Supplementary files of research article "High throughput 13C-metabolic flux analysis of 3-hydroxypropionic acid producing Pichia pastoris reveals limited availability of acetyl-CoA and ATP due to tight control of the glycolytic flux ". This research paper describes the fluxome of 3-hydroxypropionic acid producing Pichia pastoris recombinant strains. Glycerol was used as a sole carbon source. A High Throughput platform was used to simultaneously characterize the fluxome of 10 recombinant strains at pH 5 and 6 recombinant strains at pH 3.5. All the experiments were carried in triplicates. To determine the intracellular fluxes, stationary 13C-Metabolic Flux Analysis was used using the data of the isotopologue distribution of the proteinogenic amino acids.

The files attached herein contain: the description of how to obtain the models used for this study, the raw data obtained from the mini-bioreactor cultivations, the files to process the raw data, and the results (bioprocess parameters and fluxes from 13C-Metabolic flux analysis and Flux Balance Analysis).

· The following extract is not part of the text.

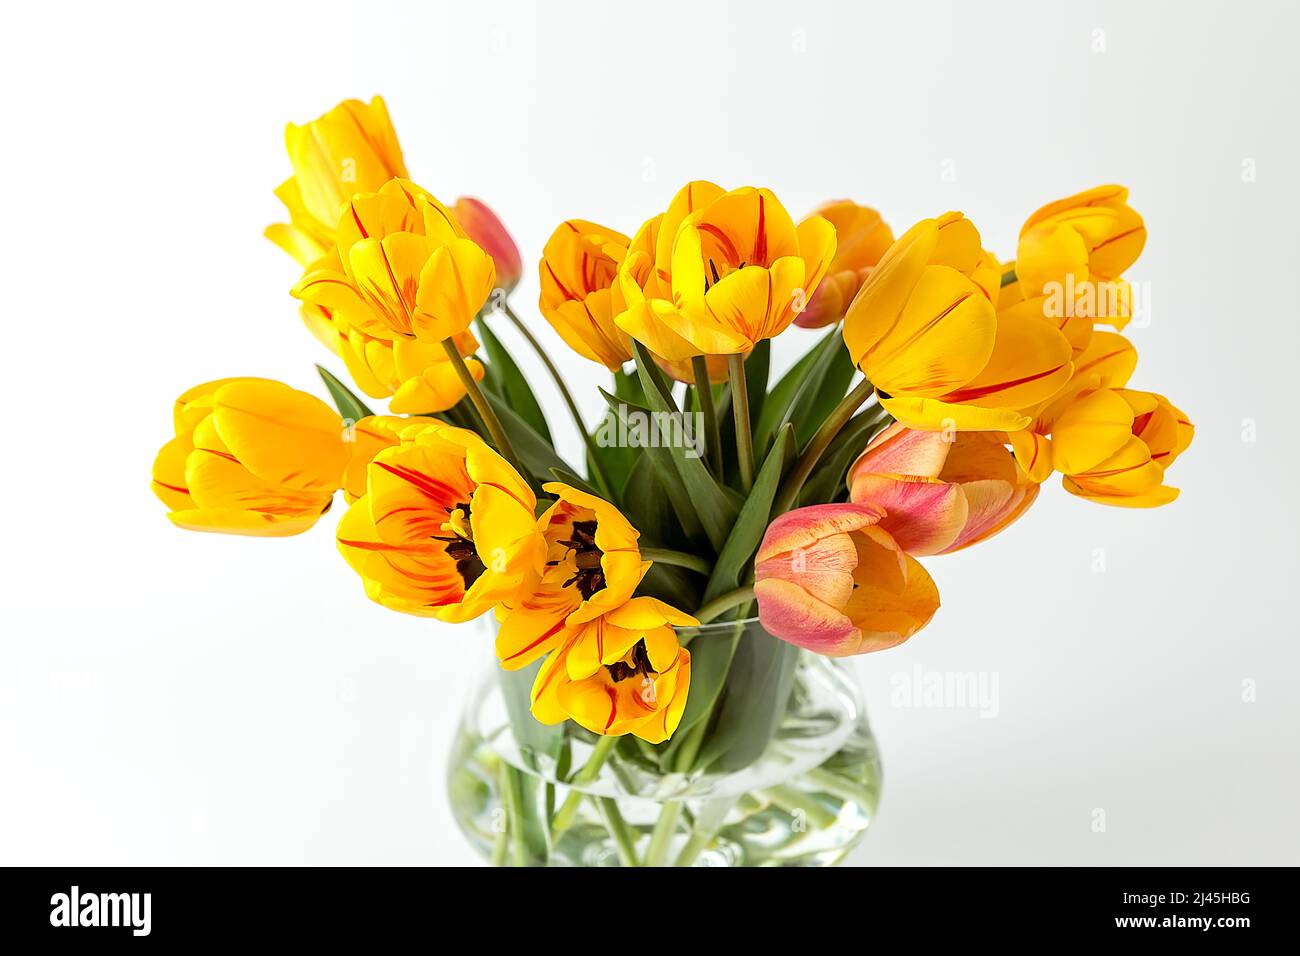 A large bouquet of large yellow tulips in a glass vase on a white background. An elegant composition for your invitation text, congratulations. Stock Photo

1. Description of methods used for collection-generation of data:

The files contain relevant information and scripts which are used for: - Compression of a Genome Scale Metabolic Model of Pichia pastoris into a core model using Matlab. - Addition of the 3-hydroxypropionic acid producing pathway to the metabolic core model. - Translation of the core model into a FTBL format core model, which is the input model for the python-based software influx_si and IsoDesign. - Modification of the core FTBL model to generate an input model for IsoDesign (a software for the optimization of the C-source for 13C-Metabolic Flux Analysis). - IsoDesign results. Optimization of the C-source for the 13C-Metabolix Flux Analysis experiment. - Raw data from the NMR analyses of the supernatant of bioreactor cultures. - Calculation of the bioprocess parameters. - Raw data of the isotopoic distribution of each amino acid. - Correction of the isotopic distribution of the amino acids accounting for the natural abundance of the amino acids and the labelling of the inoculum. - 13C-Metabolic Flux Analysis results. Flux values. - Flux Balance Analysis results using 13C-Metabolic Flux Analysis results as flux boundaries.

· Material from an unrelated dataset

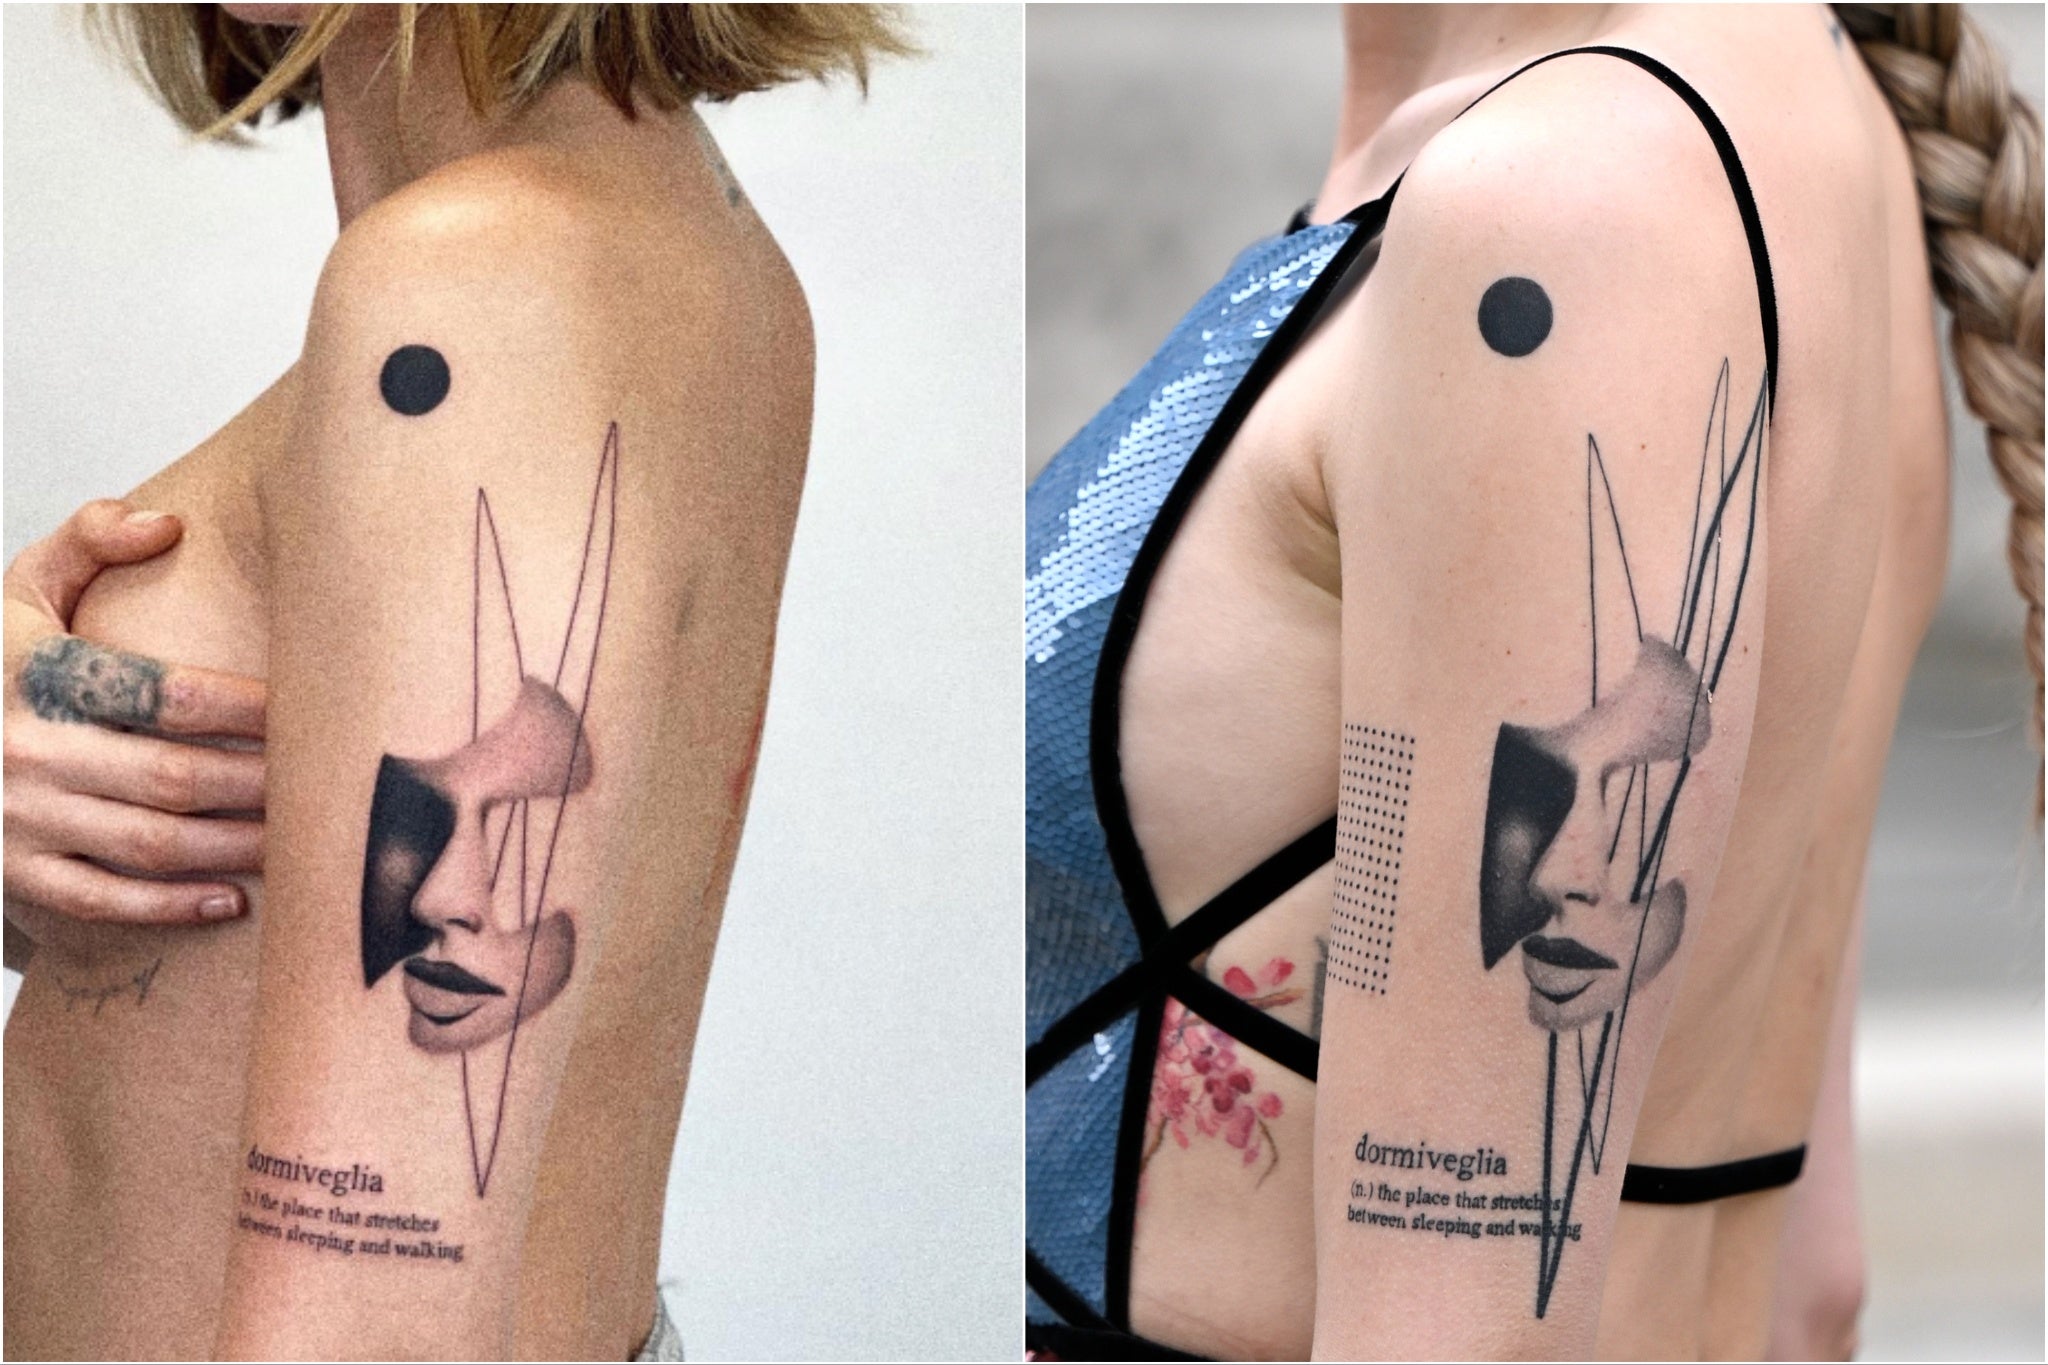 Delevingne’s tattoo before and after the correction

1. Methods for processing the data:

Matlab scripts using the linear programming tools CobraToolbox and CellNetAnalyzer were used to generate the Core model of the metabolism of Pichia pastoris from its Genome Scale Model. Excel was used to simplify the stoichiometry coefficient of the biomass reaction. To do so, some intermediary reactions were manually lumped. The core model was modified in matlab to account for the lumped reactions. The model was further refined based on literature data. the 3-HP-production reactons were also manually added. The FTBL model was manually written from the previously generated core model. The C-transitions for each reaction were checked on https://metacyc.org. IsoDesign was used to optimize the labelling of the C-source for 13C-Metabolic Flux Analysis experiments using the previously generated FTBL format file. The experiments were carried in a High Throughput mini-bioreactor platform using glycerol as substrate. Glycerol was labelled accordingly to IsoDesign results (20% 1-13C-glycerol + 80% 2-13C-glycerol). The samples were withdrawn and processed as described in the main text linked to the supplementary materials attached herein. The supernatant samples were analysed using Nuclear Magnetic Resonance (NMR). The NMR and the biomass concentration data (OD600) were used to calculate the bioprocess parameters using PhysioFit. The amino acids isotopologue distribution was first analyzed using Liquid-Chromatography coupled to Mass Spectrometry (LC-MS). The derived data was processed to account for the the volume of inoculum, anc correction of the isotopologue distribution based on the abundance of the natural isotopes using IsoCor. The metabolic fluxes were calculated using influx_s for 13C-Metabolic Flux Analysis. The bioprocess parameters and the isotopologue distribution of the amino acids were used as input data for each experiment. The flux results were used as input for Flux Balance Analysis in Matlab using the CobraToolbox and the previously generated core model for 3-HP-producing Pichia pastoris strains.